The Historical Map Collection of the Suriyakantha Centre: A Visual Journey Through Sri Lanka’s Cartographic Heritage

2023 July 06

The Historical Map Collection of the Suriyakantha Centre: A Visual Journey Through Sri Lanka’s Cartographic Heritage
By Dr Jacques Soulié

For the child, enamored of maps and prints,
The universe is equal to their vast appetite.
Ah! How grand the world appears in the lamplight!
To the eyes of memory, how small the world seems!

Charles Baudelaire

Cartography — the art of making maps — is deeply rooted in human history. From prehistoric cave paintings to ancient maps of Babylon, Greece, and Asia, through the Age of Discovery and into the 21st century, humans have continually created and relied on maps as essential tools for navigating the world.

Modern cartography in India and Sri Lanka, as developed by Europeans, began five centuries ago. It emerged from a strategic need to ensure the safety of sailors engaged in trade along the Indian coastline. Trade, closely tied to warfare, soon became a major driving force behind map production.

In the 18th and 19th centuries, Sri Lanka occupied a more favorable position than Africa in the history of mapping. Its strategic location at the crossroads of ancient maritime trade routes, combined with its fame for elephants, spices, and gemstones, made it a well-documented region in the writings of Roman, Greek, Persian, and Arab scholars.

The history of ancient maps of Sri Lanka is largely shaped by European maps, produced with the intent to explore, understand, and ultimately dominate the small island kingdom.

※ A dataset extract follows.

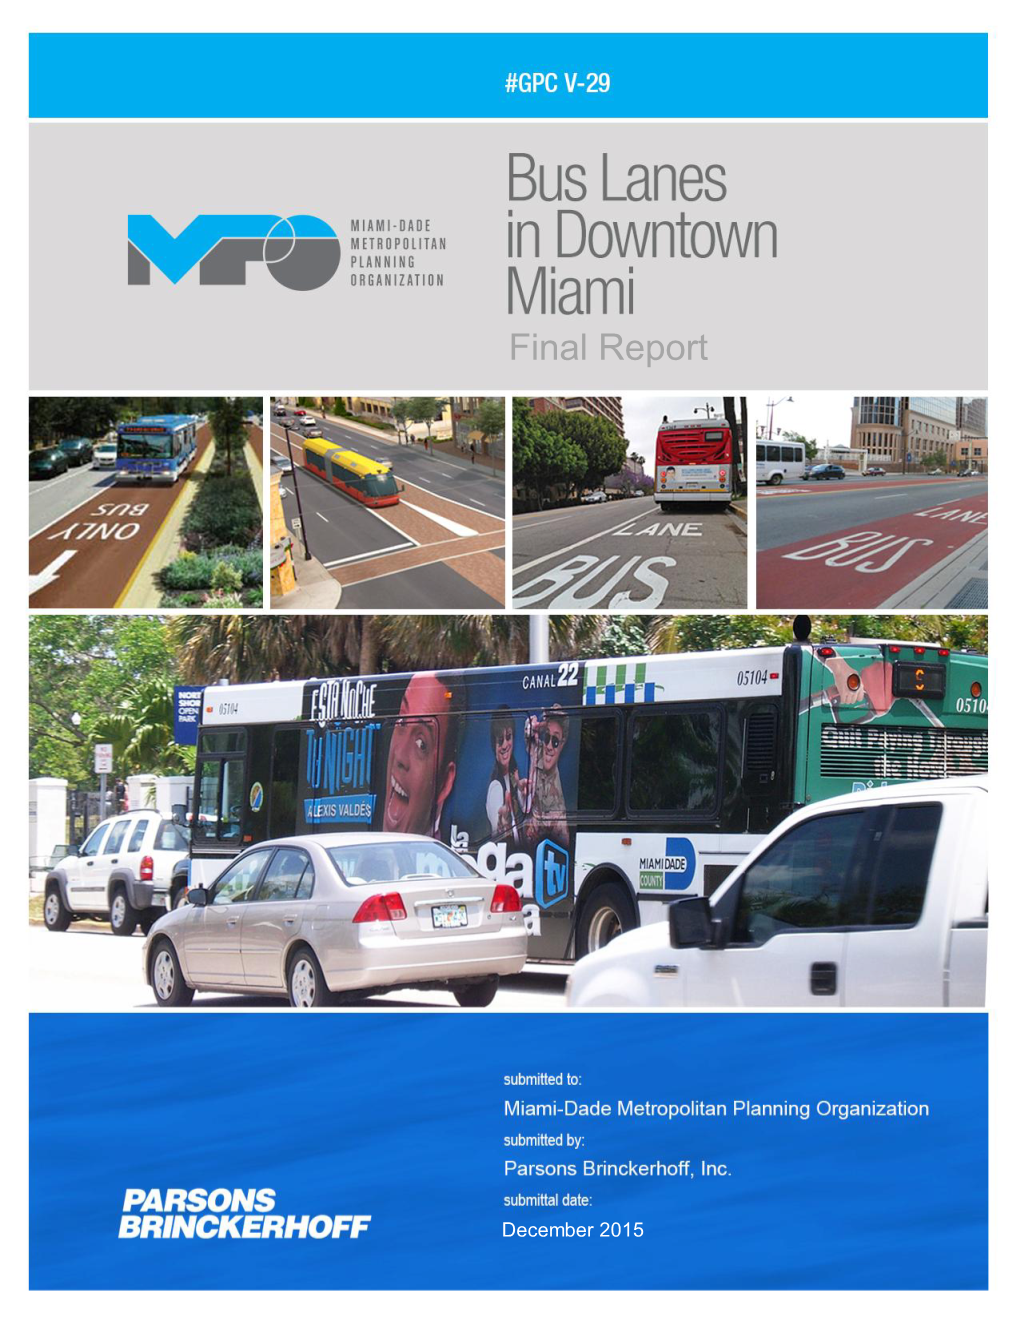 Bus Lanes in Downtown Miami Final Report, 12/2015
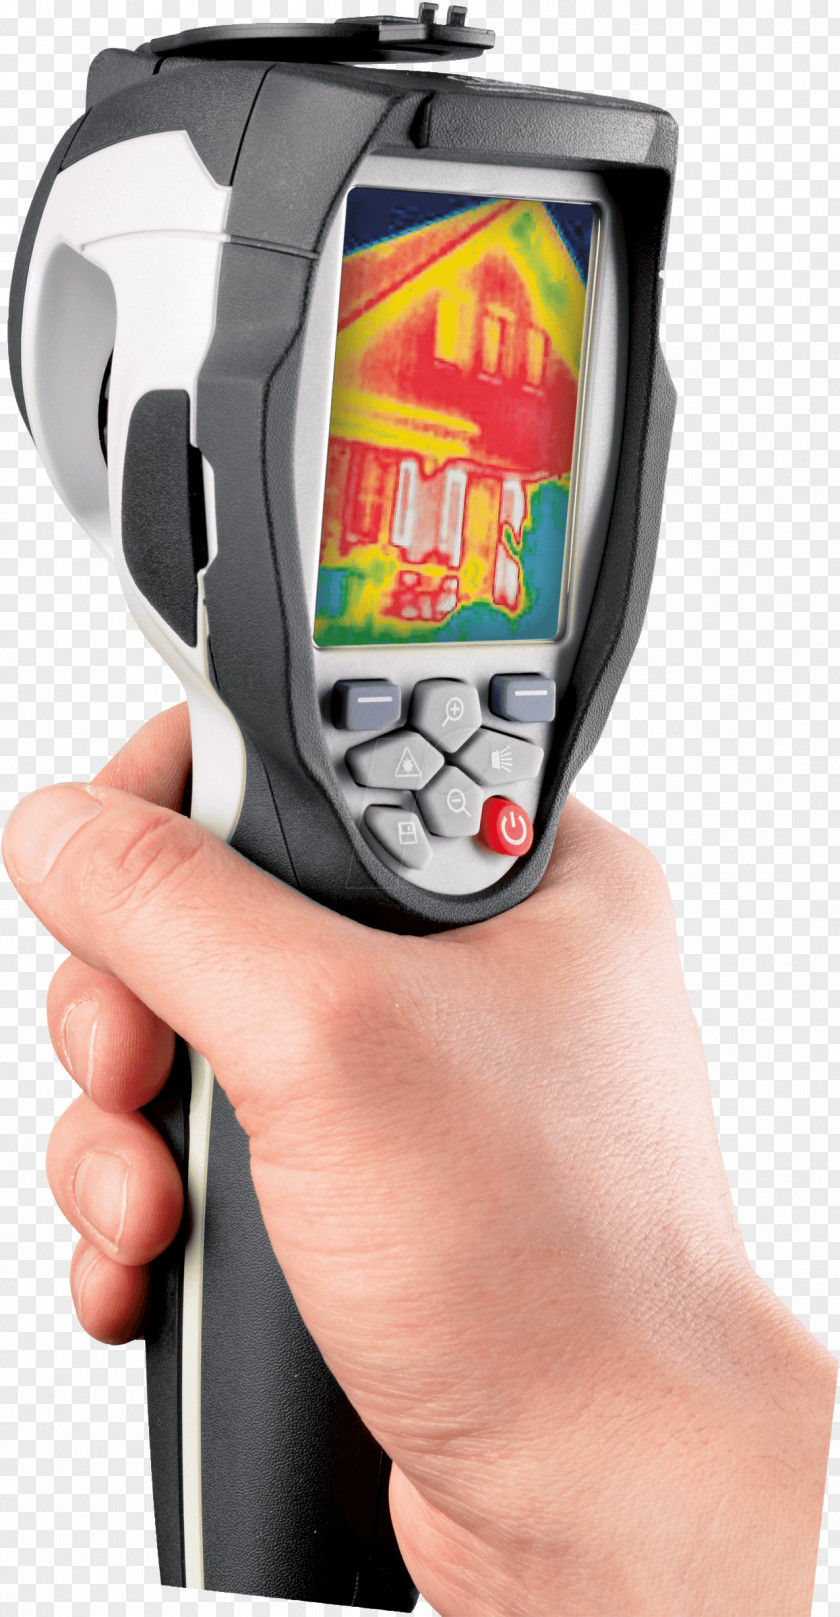 Thermographic Camera Thermography Thermal Imaging Pyrometer PNG

The data provided by Claudius Ptolemy — mathematician, astronomer, and geographer of the Alexandrian school — represents the high point of Greek and Roman knowledge of the island then known as Taprobane. His work Geographia, translated into Arabic in the 9th century and rediscovered during the Renaissance, was among the first printed books.

However, during the Age of Discovery, cartography shifted away from the realm of scholars into the hands of merchants, resulting in a culture of secrecy. Maps became strategic assets, and the findings of voyages — whether commercial or political — were closely guarded.

 

Over the thirteen centuries following Ptolemy, only two known maps of Ceylon were produced: one by the Arab poet and geographer Al-Idrisi, and another by the Venetian monk-cartographer Fra Mauro. The latter provided precise locations and detailed descriptions of what he called the "wonders of Ceylon": the port of Colombo, Adam's Peak, and the island's legendary rubies.

The 17th century marks the beginning of the period covered by the current collection of ancient Sri Lankan maps. Two notable cartographers from that era are Ciprian Sanchez, a Spanish mapmaker employed by the Portuguese (whose map, though published in the 17th century, was likely drawn at the end of the 16th), and Nicolas de Fer, from a family of Amsterdam-based art dealers and engravers. De Fer's map is considered the first to offer detailed topographical information about the island.

Other important contributors include Giovanni Antonio Magini — Italian astronomer, cartographer, and mathematician — whose map of Ceylon was published in London by Robert Knox two years after his escape from captivity in 1680.

French cartographer and military engineer Alain Manesson Mallet began his career in the army of Louis XIV. His contemporary, Guillaume Delisle, regarded as the greatest cartographer of his time, pioneered a more scientific approach to mapping based on mathematics and astronomy.

Dutch mapmaker Isaac Tirion, born in Utrecht, produced several atlases and city plans, often based on Delisle's work.

The Vaugondy family, descendants of Nicolas Sanson — considered one of the fathers of French cartography — continued the family tradition. Didier Robert de Vaugondy was appointed official cartographer to King Louis XV.

A major figure of the 18th century, Jacques-Nicolas Bellin was one of the most prolific French cartographers of his time. His map of Ceylon, published in the General History of Voyages, is rich with detail: cities such as Colombo, Jaffna, Galle, and Trincomalee, as well as rivers, mountains, and forests. Bellin also authored maritime charts, the map of the Peace of Trincomalee, and the plan of the city and fort of Jaffna.

In the 19th century, Jean-Baptiste Bourguignon d’Anville, sometimes called the "French Strabo," carried on the tradition. A member of the Académie des Inscriptions et Belles-Lettres and the Académie des Sciences, he held a central role in French cartography.

Other notable names include:

  • Louis Brion de la Tour, royal cartographer;
  • Rigobert Bonne, hydrographer to the King of France;
  • Aaron Arrowsmith, a British cartographer and geographer renowned for his high-quality maps and atlases;
  • John Rapkin, engraver of the famous map by John Tallis;
  • Edward Weller, one of the first to use lithography for map production;
  • Charles Dyonnet, a prolific Parisian engraver active in the 19th century, known for some of the most elegant French maps of the era.